Review of Barr (2004) Meaning of Is…
Bob Barr represented the Seventh District of Georgia in the United States House of Representatives for four terms between January 1995 and January 2003. He served in the 104th – 107th congresses. During his tenure, he was a senior member of the Judiciary Committee, vice chairman of the Government Reform Committee, and member of the Committees on Financial Services and Veterans Affairs.
Born in Iowa on November 5, 1948, Barr grew up in various locations around the world due to his father’s career as a civil engineer. He attended the University of Southern California as an undergraduate, and earned a master’s degree in international relations at George Washington University in 1972. He attended law school at Georgetown University, earning his J.D. in 1977.
Barr served in the CIA from 1971-1978 as a Latin American analyst. He then moved to Georgia and became active in Republican politics, chairing the Cobb County Republican Party. In 1986, President Reagan appointed Barr as U.S. Attorney for the Northern District of Georgia, a post he held until 1990. The congressman served as president of the Southeastern Legal Foundation from 1990 to 1991.
Barr ran unsuccessfully against Paul Coverdell for the U.S. Senate in 1992. In 1994, Barr won the Congressional seat that had been held for several terms by Democrat Buddy Darden.

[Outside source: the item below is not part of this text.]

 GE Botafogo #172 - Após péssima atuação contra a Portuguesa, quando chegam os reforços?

When Barr entered Congress, it was the first time in forty years that Republicans were in the majority. He had a reputation as being the most conservative member of Congress. Barr may be best remembered for his initiative in pursuing an impeachment trial for President Clinton on charges of perjury in regard to the Monica Lewinsky scandal. One of three books he has written – The Meaning of Is – reflects on the Clinton White House and explains his motivations for pursuing impeachment of the president.
In 2002, the Georgia Legislature redistricted the state’s Congressional seats, resulting in Barr’s district being drawn into Republican John Linder’s district. A primary was held that summer in which Barr was soundly defeated. He left office in January 2003.

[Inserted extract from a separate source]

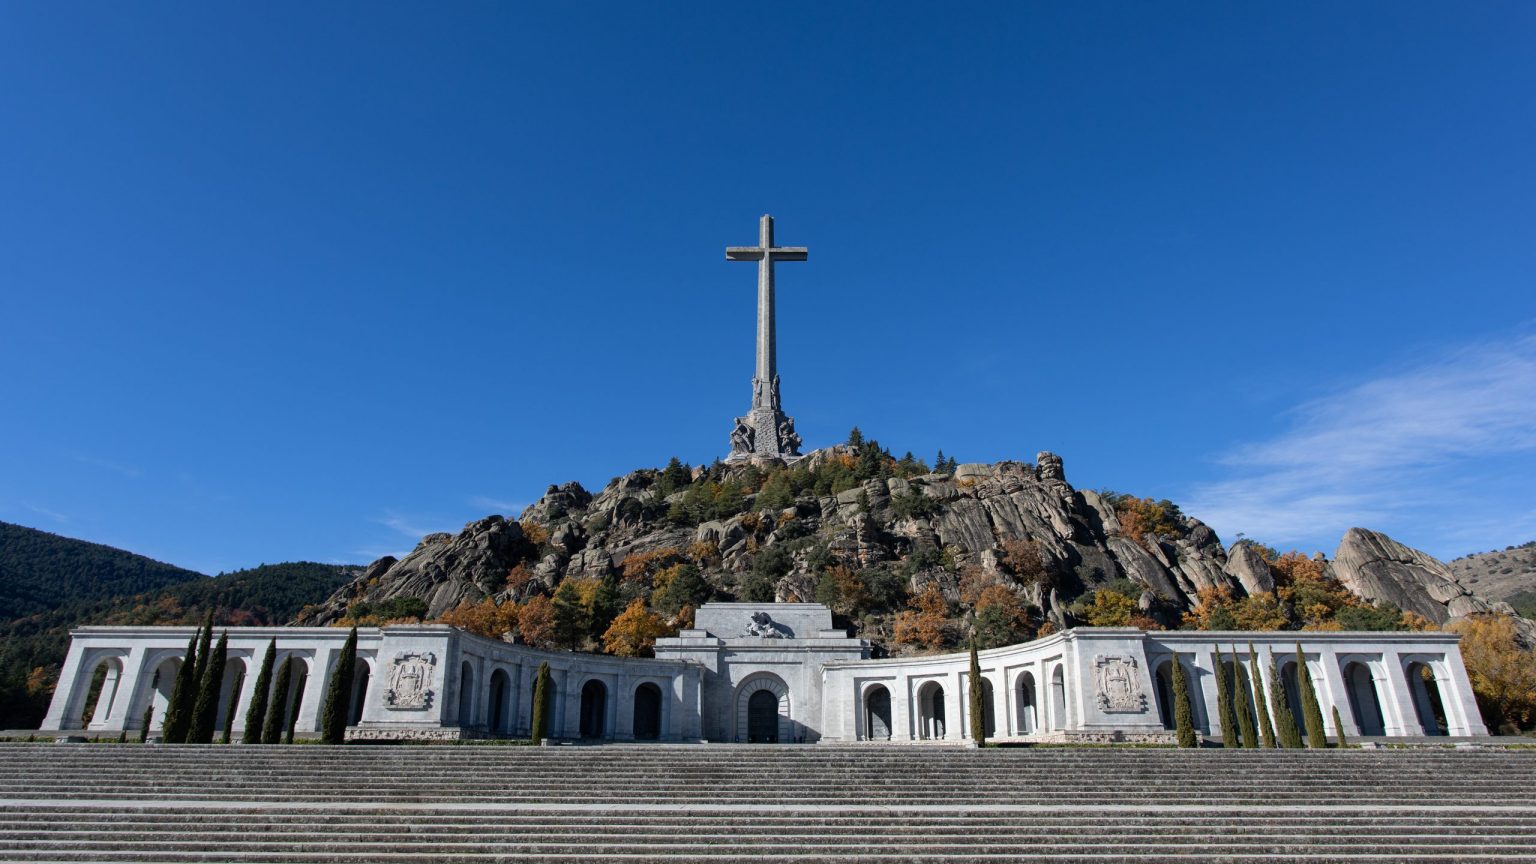 El Gobierno cerca a los monjes del Valle de los Caídos: los deja sin agua «por una negligencia»

Since leaving office, Barr has continued to write and speak publicly on civil liberties, especially the right to privacy. He has been a contributor on CNN and writes a regular column for the Atlanta Journal-Constitution as well as maintaining a blog “The Daily Caller.”
Soon after leaving Congress, Barr also left the Republican Party. In 2008, Barr was the presidential nominee for the Libertarian Party. Currently, he heads a consulting firm called Liberty Strategies, and practices law with Edwin Marger in Atlanta.
In addition to his book on the impeachment trial, Barr has published Patriot Nation: Bob Barr’s Laws of the Universe Volume One, and Lessons in Liberty. He is an adjunct professor at Kennesaw State University just outside of Atlanta, where he has taught a graduate-level course on Privacy and Public Policy.
The political papers of Barr are available at the University of West Georgia’s Ingram Library Special Collections archive and may be accessed through Galileo.
Disclosure: From June to December 2012, I was a Graduate Research Assistant with the Special Collections at UWG. During which time, I was assigned to topics relating to Financial Services, Judiciary, and Firearms.